Hell while we are on this topic, using left click to open, rename and pick up storage containers depending on where you precisely click, while being buffetted by the current, is a horrible mechanic. Please implement something like click = open, hotkey+click = pickup, doubleclick = rename.

Conclusion

Anyway the overall theme is not so much "more handholding", as this is after all a survival and exploration game, but generally "avoid requiring players to watch/read guides on what to do".

Comments

  • NasiasNasias Join Date: 2016-10-10 Member: 223024Members
    edited October 2016
    I personally thought that catching fish to eat was very intuitive. My first thought when I realised I needed to eat, was to look at the fabricator. I saw fish, and palmed my forehead in a "but of course" gesture.

    The game doesn't really have an overwhelming amount of features. And I think that adding a holding hand will take away a lot of the appeal. (Sorry, but your ideas are very hand holding).

    As for storage, that issue is really only a problem early game. My advice is just hold back the desire of greed. Just because you see a resource, doesn't mean you need to loot it. Inventory management will always be an issue, and adding additional storage options is just a bandaid fix.

    As for the idea of finding resources, you're on an alien planet and the idea of the game is survival and exploration. If the game told you where resources were, even generally, it would sort of destroy part of the exploration. It doesn't really make much sense either. So I disagree with you on this point.
  • EvilSmooEvilSmoo Join Date: 2008-02-16 Member: 63662Members
    Nasias wrote: »
    I personally thought that catching fish to eat was very intuitive. My first thought when I realised I needed to eat, was to look at the fabricator. I saw fish, and palmed my forehead in a "but of course" gesture.

    The game doesn't really have an overwhelming amount of features. And I think that adding a holding hand will take away a lot of the appeal. (Sorry, but your ideas are very hand holding).

    As for storage, that issue is really only a problem early game. My advice is just hold back the desire of greed. Just because you see a resource, doesn't mean you need to loot it. Inventory management will always be an issue, and adding additional storage options is just a bandaid fix.

    As for the idea of finding resources, you're on an alien planet and the idea of the game is survival and exploration. If the game told you where resources were, even generally, it would sort of destroy part of the exploration. It doesn't really make much sense either. So I disagree with you on this point.

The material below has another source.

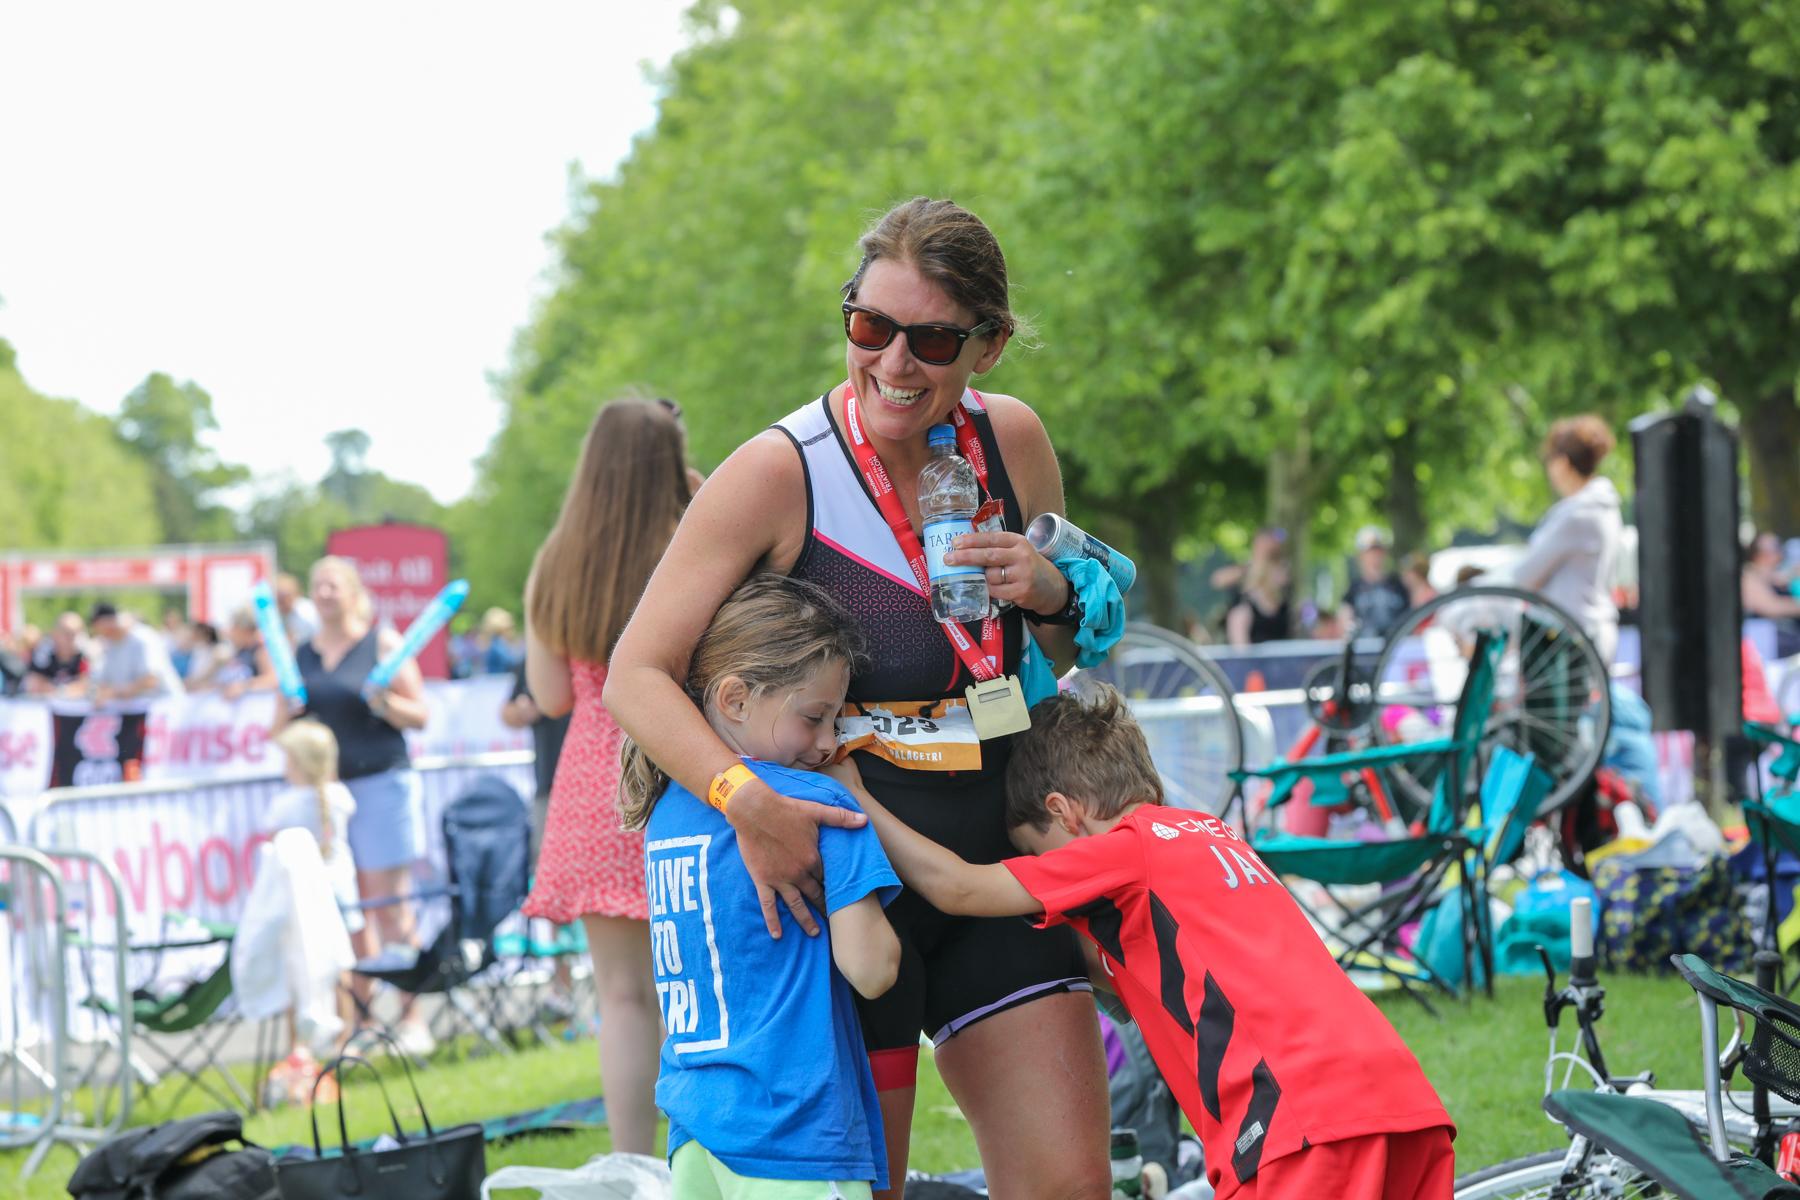 Blenheim Palace Triathlon - image 1

    The PDA states that you're supposed to find survival resources on the planet. Why would including a scanner to locate those resources not make sense? Have it give more precise instructions on how to find the nearby basic items, and vague directions for things in more distant locations.
  • ReefseekerReefseeker Finland Join Date: 2015-05-21 Member: 204740Members
    EvilSmoo wrote: »
    The PDA states that you're supposed to find survival resources on the planet. Why would including a scanner to locate those resources not make sense? Have it give more precise instructions on how to find the nearby basic items, and vague directions for things in more distant locations.

    Aye. It seems to me that the PDA is designed to enable the survival of an untrained person. So some basic guidelines should be given.

    Just look at the Aurora. They had tons of equipment and stuff. The crewmembers of the Aurora were probably setting up a very heavy industrial level mining operation, and suddenly you are the only survivor and down to the very basics chipping some limestone nodes with very basic tools and catching fish by hands. I don't think anyone living in that distant future would know what to do without some help, especially after just waking up to a smoking escape pod and general catastrophe.

    So some degree of "hand holding" should exist I think, it would make sense storywise.